9 thoughts on “Cheesy Mashed Cauliflower”

  1. This recipe looks really good. Can’t wait to try it. Oh! by the way Flathead Valley is breathtaking. We lived in Lakeside, MT for 1 1/2 then Whitefish for another 3 years.

    • It sounds like you lived in some of the prettiest areas around here! I hope you enjoy the recipe, and be sure to let me know how it goes!

    • I haven’t had that problem myself yet, but I’ve heard this happens with cauliflower recipes sometimes and it’s because of the fibrous stalk. Make sure you’re not getting any of the tough parts in there. If there’s lots of stalk, you can either discard it or use a vegetable peeler to get the tough out layer off.

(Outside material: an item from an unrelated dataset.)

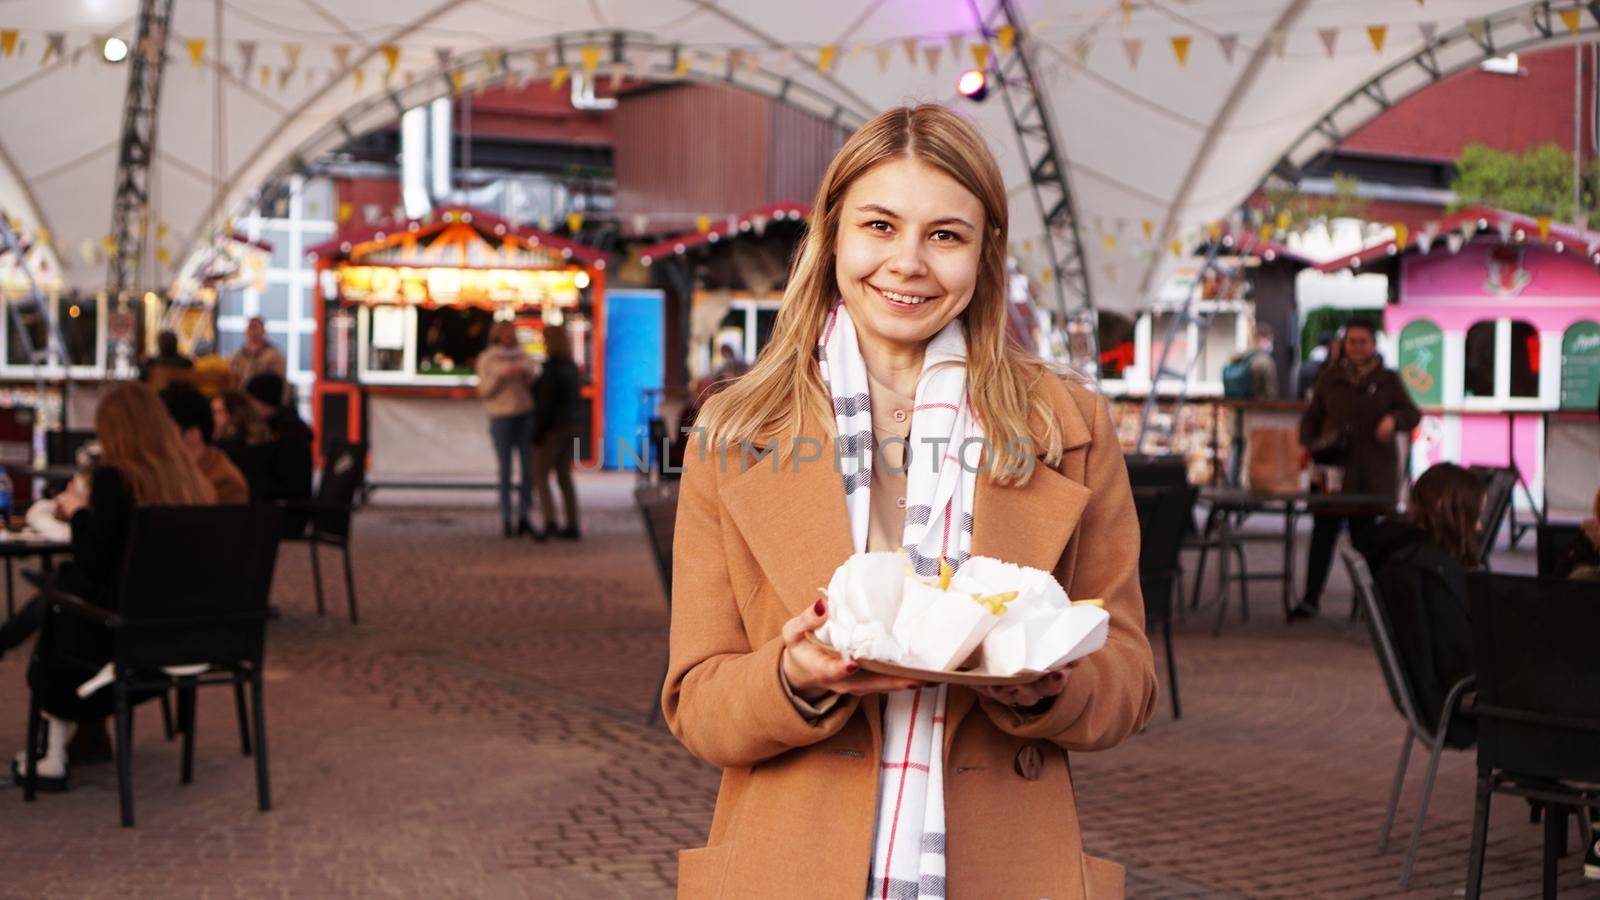 Woman at the food court with food trucks. The blonde has bought some street food and goes to her table. She smiles and looks at the camera
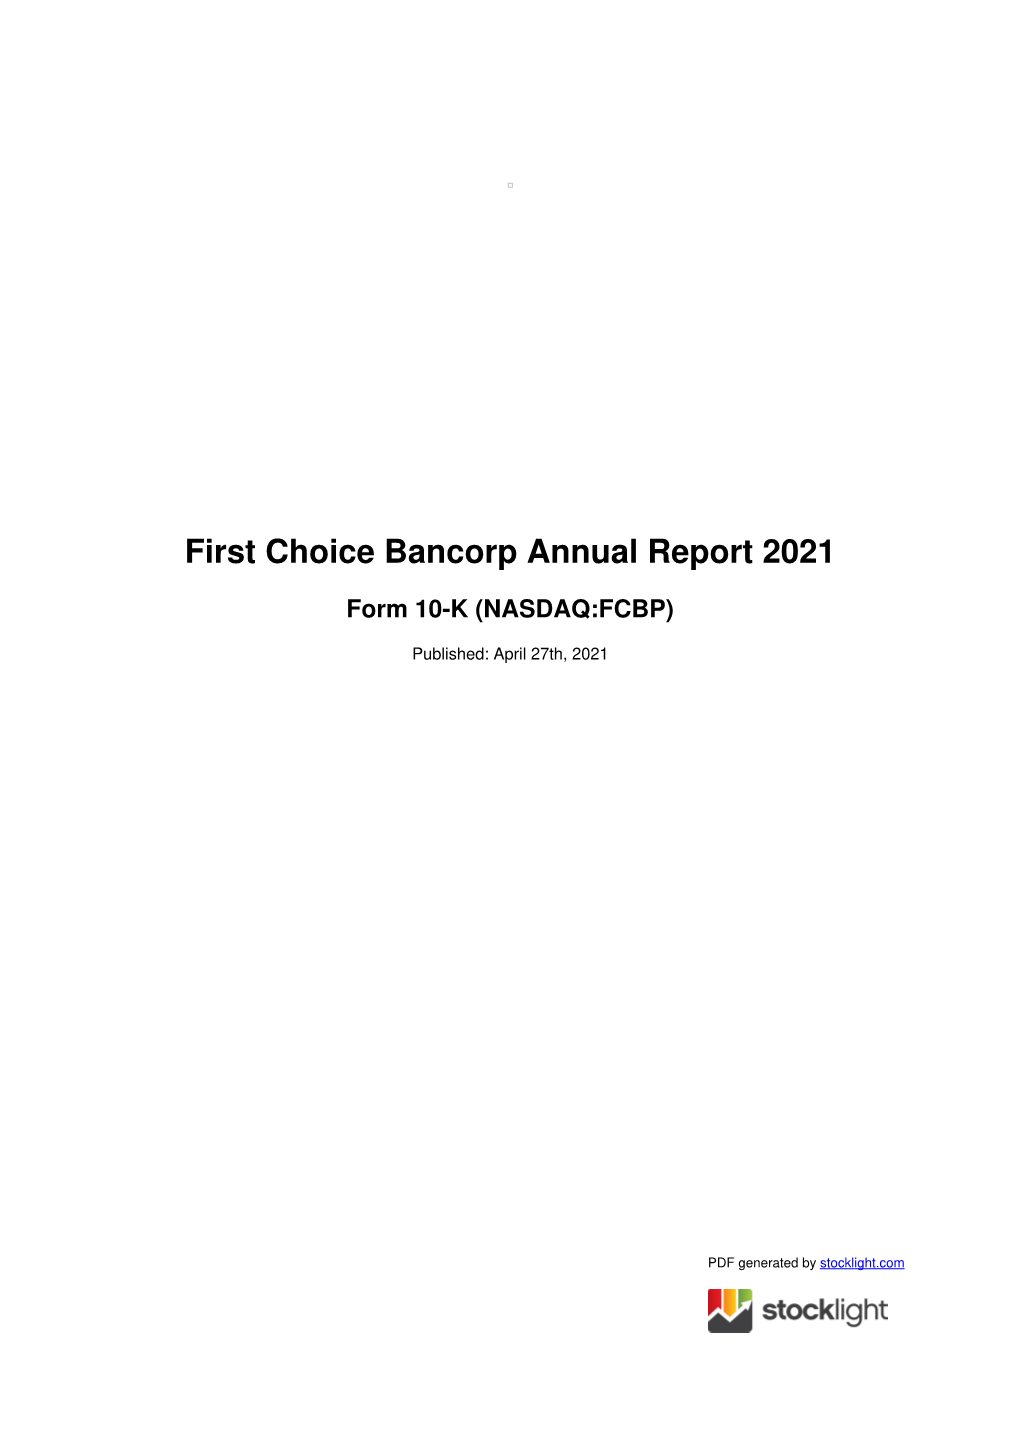 First Choice Bancorp Annual Report 2021

Also, you need to use a food processor for the smoothest results because hand mashing leaves it lumpy, (depends on what texture you’re after). Let me know what happens if you try it again.

      • Oh ok, I believe I had a large portion of the stalk in there (I like to use all of the veggies when I cook) I will be sure to try this again without the stalk! Thank you!!

  2. I feel like the trick to recipes like this must be in the cream cheese, because I’ve tried many variations of this recipe out, and I’m always disappointed, but I’ve never put cream cheese in it. I’ll definitely have to try that one out!

    • I think you’re right, the cream cheese makes a creamy final product that I like better than other recipes we’ve tried. I’m working on a version with olive oil and rosemary for a dairy free mashed cauliflower because we liked this one so much!

  3. Yes!! I was wondering when you would bring out the Tupelo cookbook. I actually made the mashed sweet potatoes yesterday for a group dinner. I love this recipe!